= Behavioral analytics =

Behavioral analytics is an advancement in business analytics that reveals new insights into consumer behavior on eCommerce platforms, online games, web and mobile applications, and Internet of Things (IoT) devices. Growth in the volume of raw event data generated by digital platforms has enabled methods that go beyond demographics and other traditional metrics, which describe what kind of people took what actions in the past. Behavioral analysis instead focuses on how consumers act and why, allowing predictions about future actions. Applications include allowing marketers to target offers to specific consumer segments.
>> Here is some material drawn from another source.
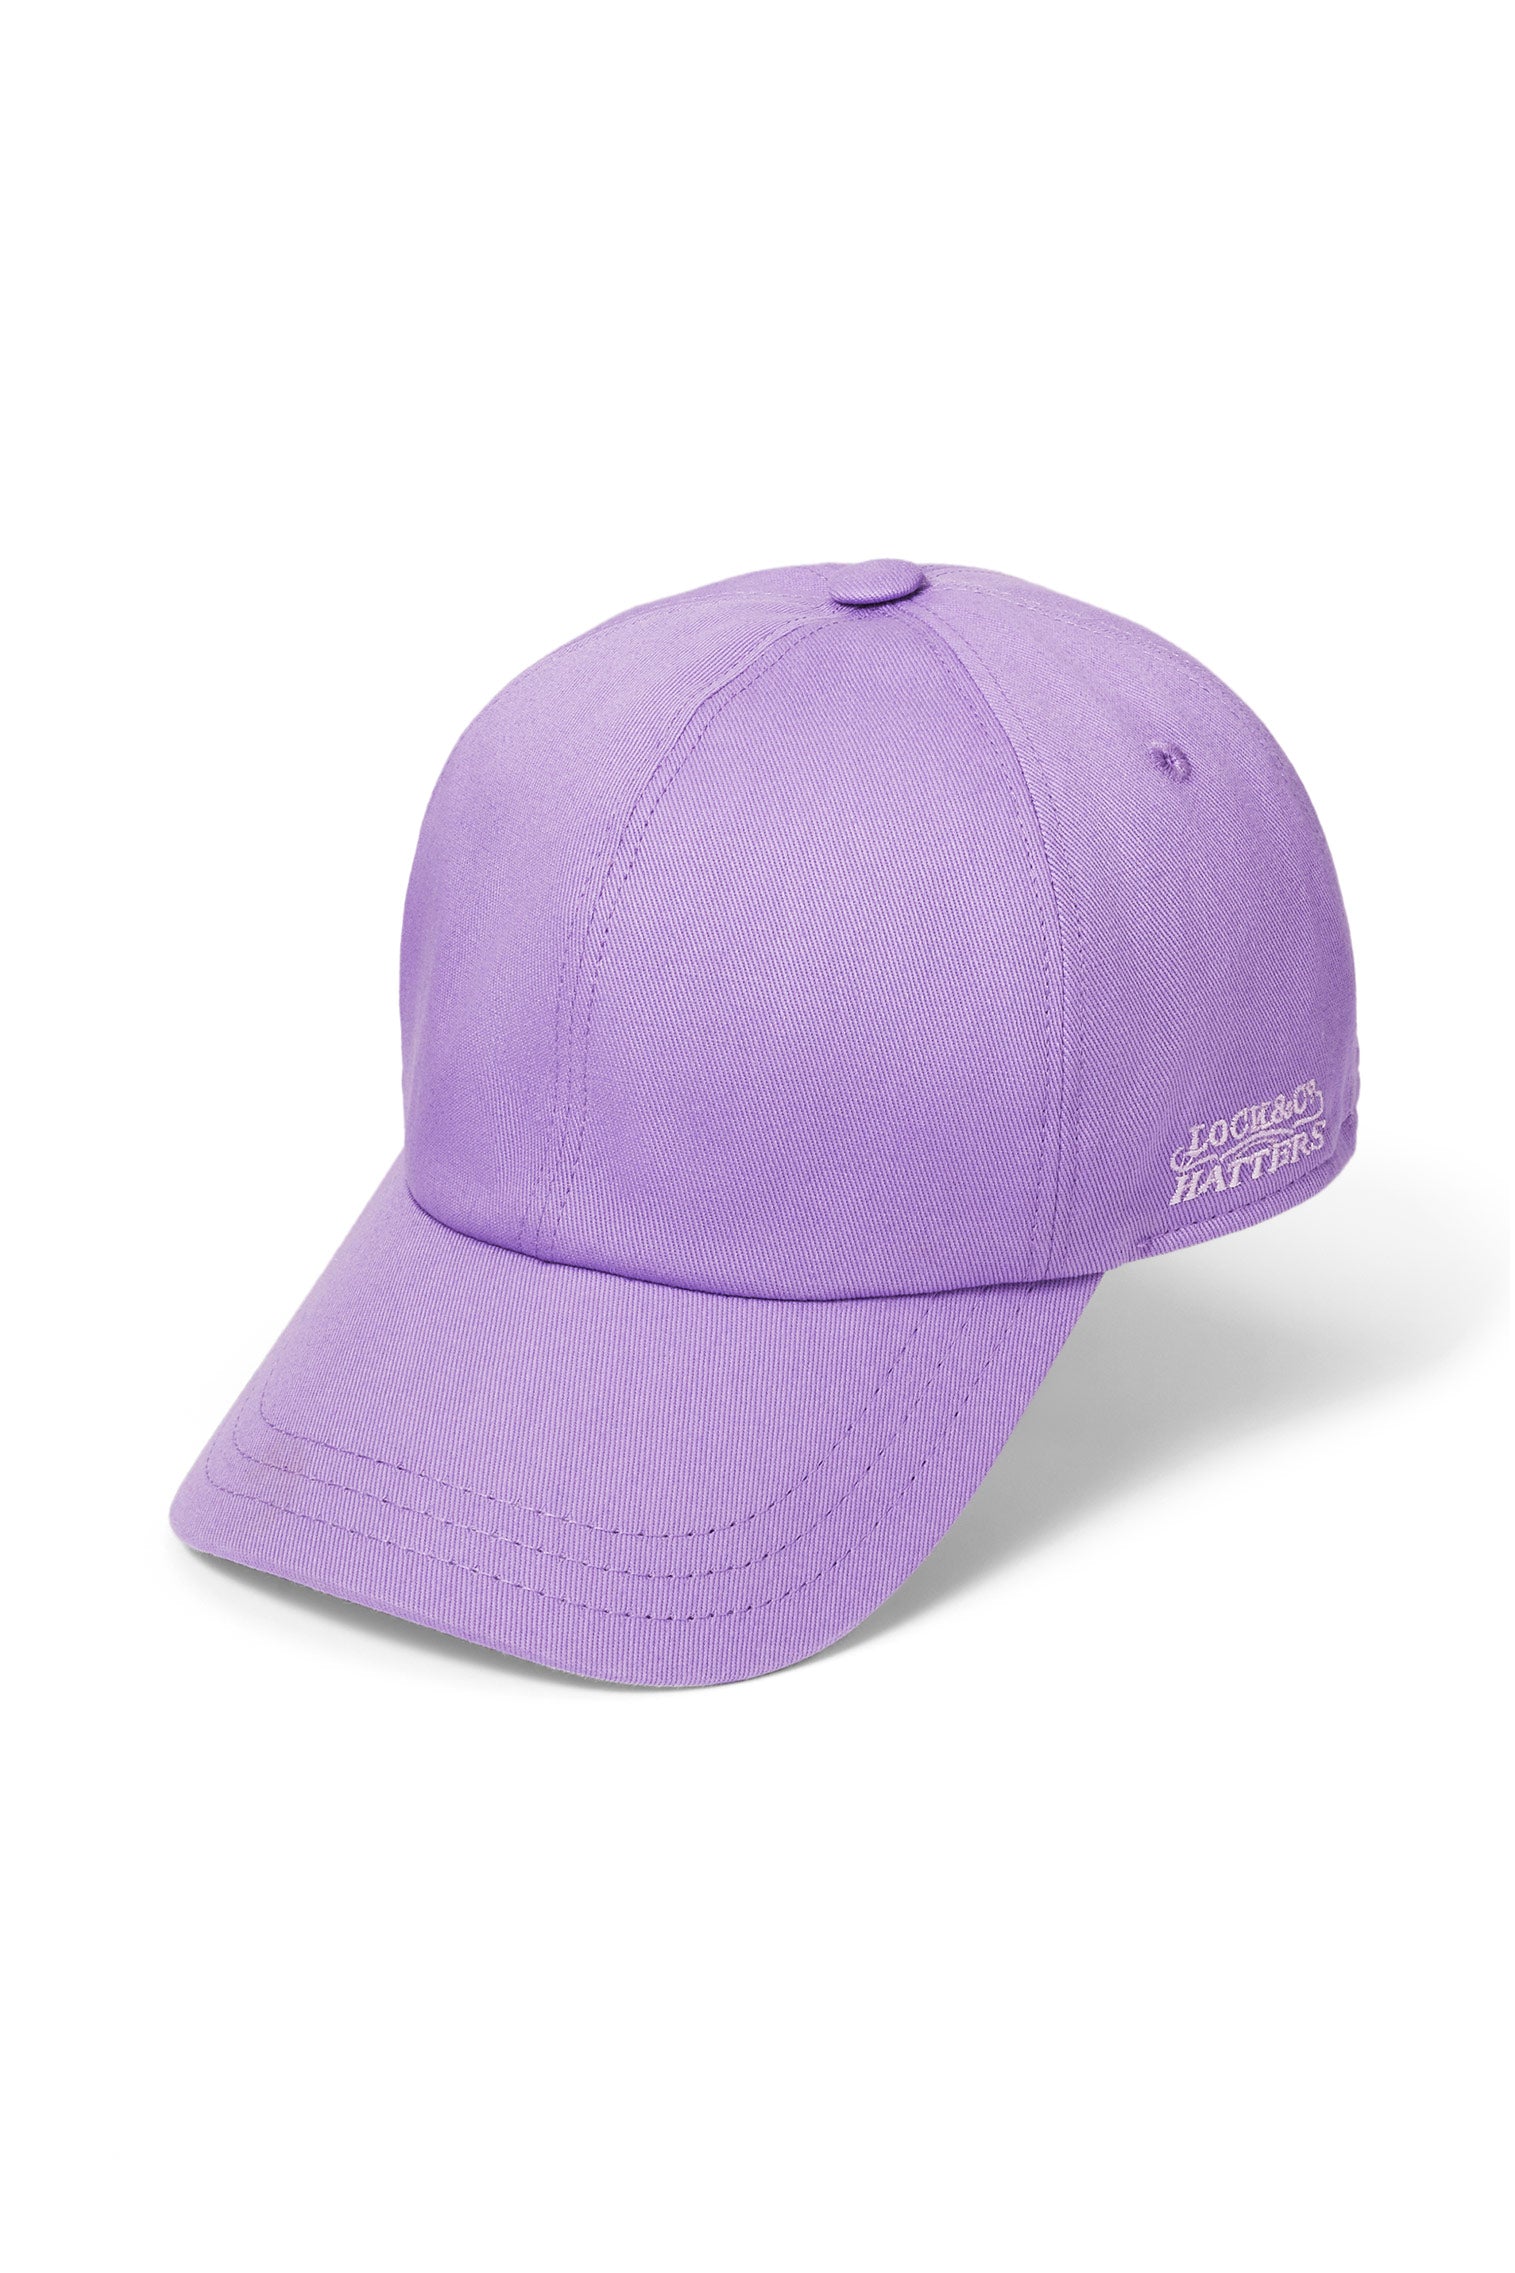 Adjustable Purple Baseball Cap - New Season Women's Hats - Lock & Co. Hatters London UK

Behavioral analytics can be useful as authentication as for security purposes. It uses non-identifiable but individually unique factors to confirm the identity of the user. The identity of the user is authenticated in the background using factors such as mouse movement, typing speed and habits, login history network detail like IP address, browser used, etc.

Behavioral analytics utilizes the massive volumes of raw user event data captured during sessions in which consumers use applications, games, or websites, including traffic data like navigation paths, clicks, social media interactions, purchasing decisions and marketing responsiveness. Event-data can include advertising metrics like click-to-conversion time, as well as comparisons between other metrics like the monetary value of an order and the amount of time spent on the site. These data points are then compiled and analyzed, whether by looking at session progression from when a user first entered the platform until a sale was made, or what other products a user bought or looked at before this purchase. Behavioral analysis allows future actions and trends to be predicted based on the collection of such data.
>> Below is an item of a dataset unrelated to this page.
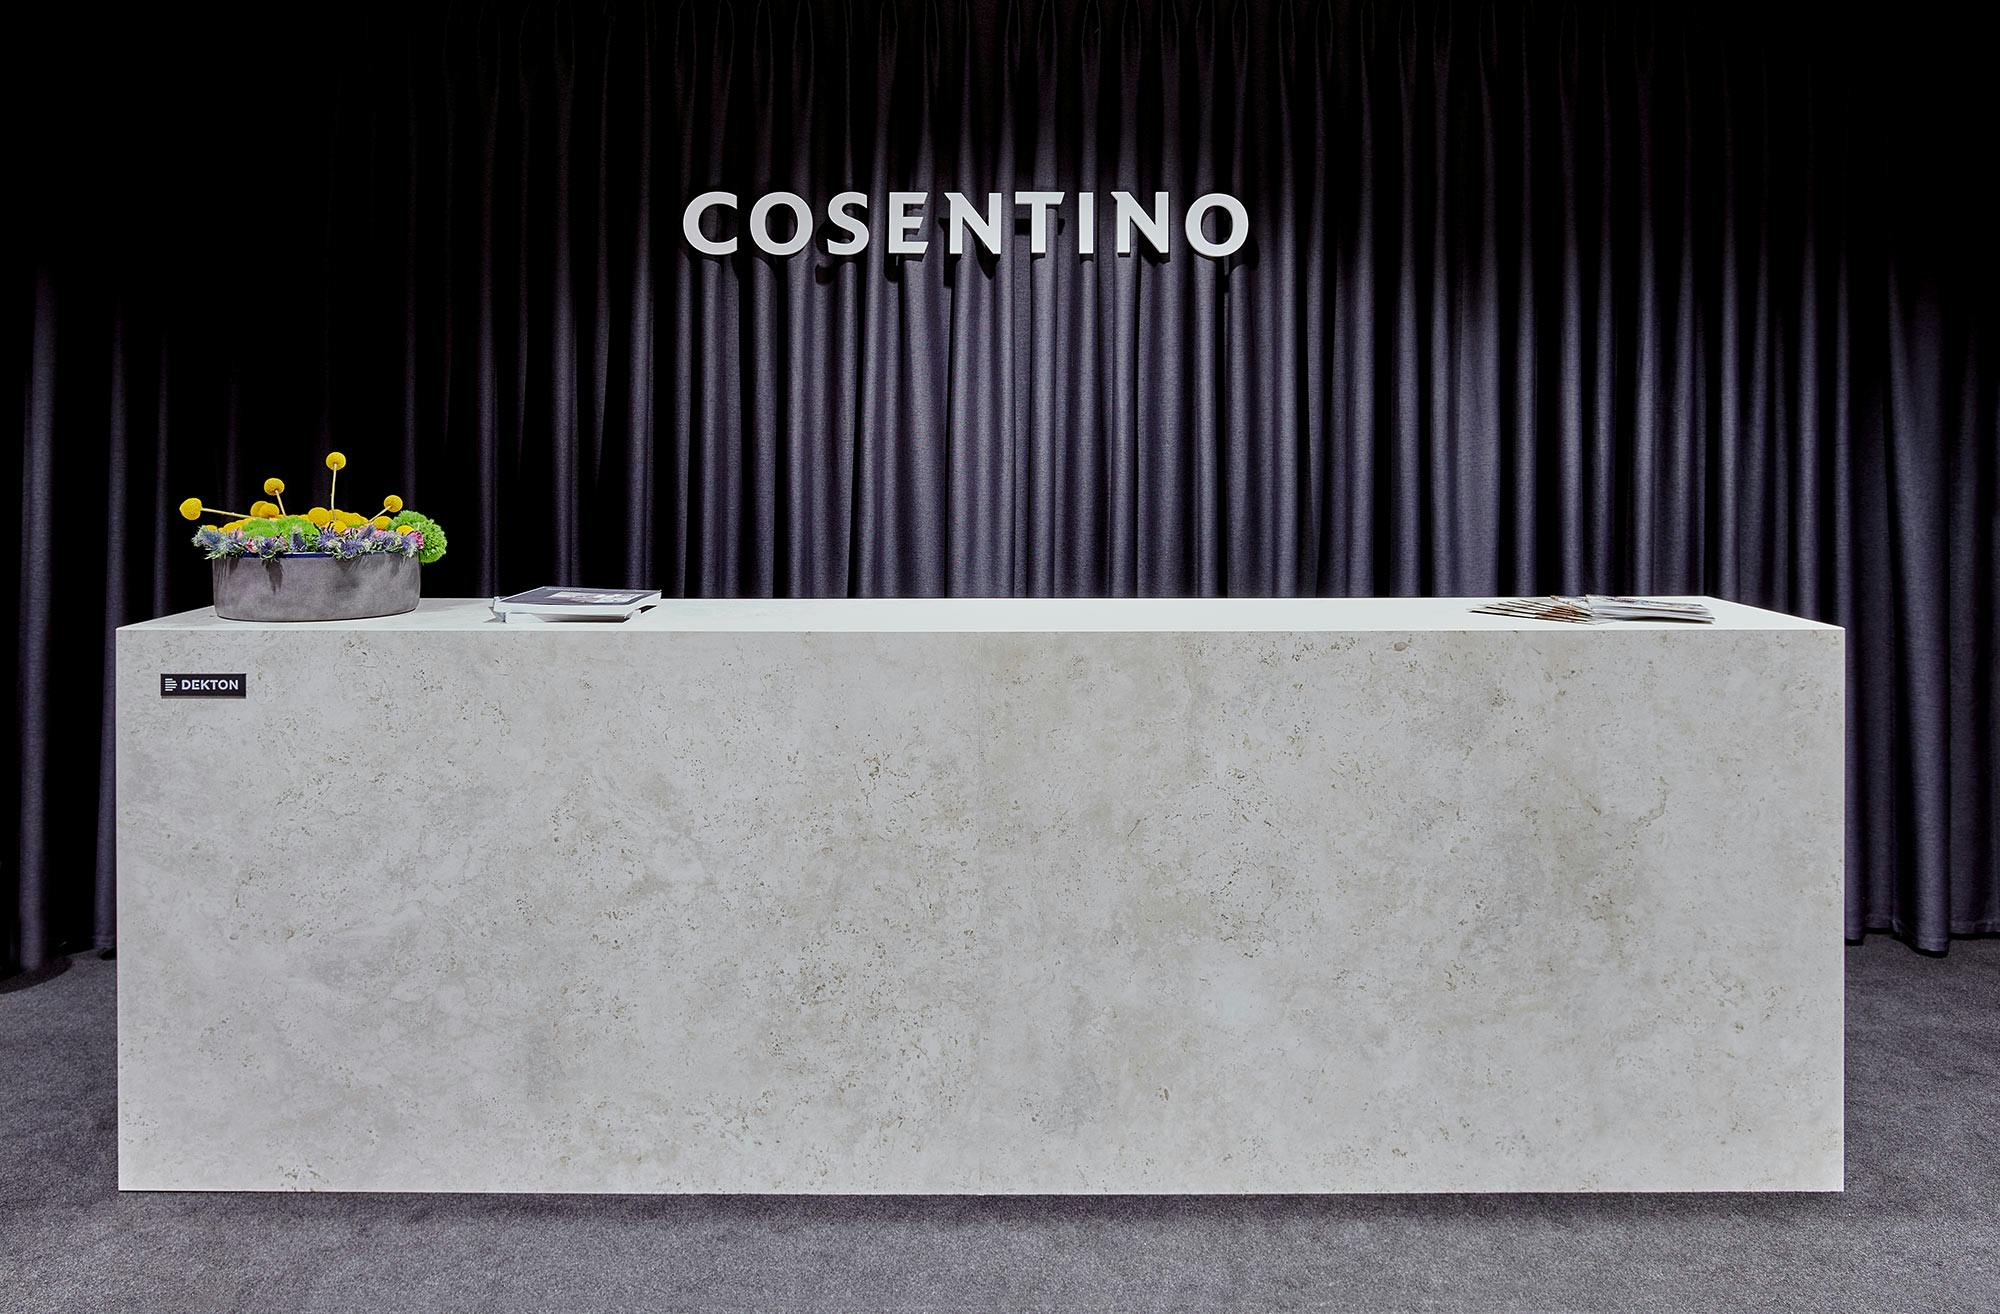 Image 54 of Cosentino Mutua Madrid006 dEKTO SABBIA 1.jpg?auto=format%2Ccompress&ixlib=php 3.3 in A contemporary public toilet design inspired by Roman public baths - Cosentino

Since the analysis requires collection and aggregation of large amounts of personal data, including highly sensitive one (such as sexual orientation, sexual preferences, health issues, location, religious affiliation, etc.) which is then traded between hundreds of parties involved in targeted advertising, behavioral analytics is causing significant concerns about privacy violations.

While business analytics has a more broad focus on the who, what, where and when of business intelligence, behavioral analytics narrows that scope, allowing one to take seemingly unrelated data points in order to extrapolate, predict and determine errors and future trends. It takes a more holistic and human view of data, connecting individual data points to tell us not only what is happening, but also how and why it is happening.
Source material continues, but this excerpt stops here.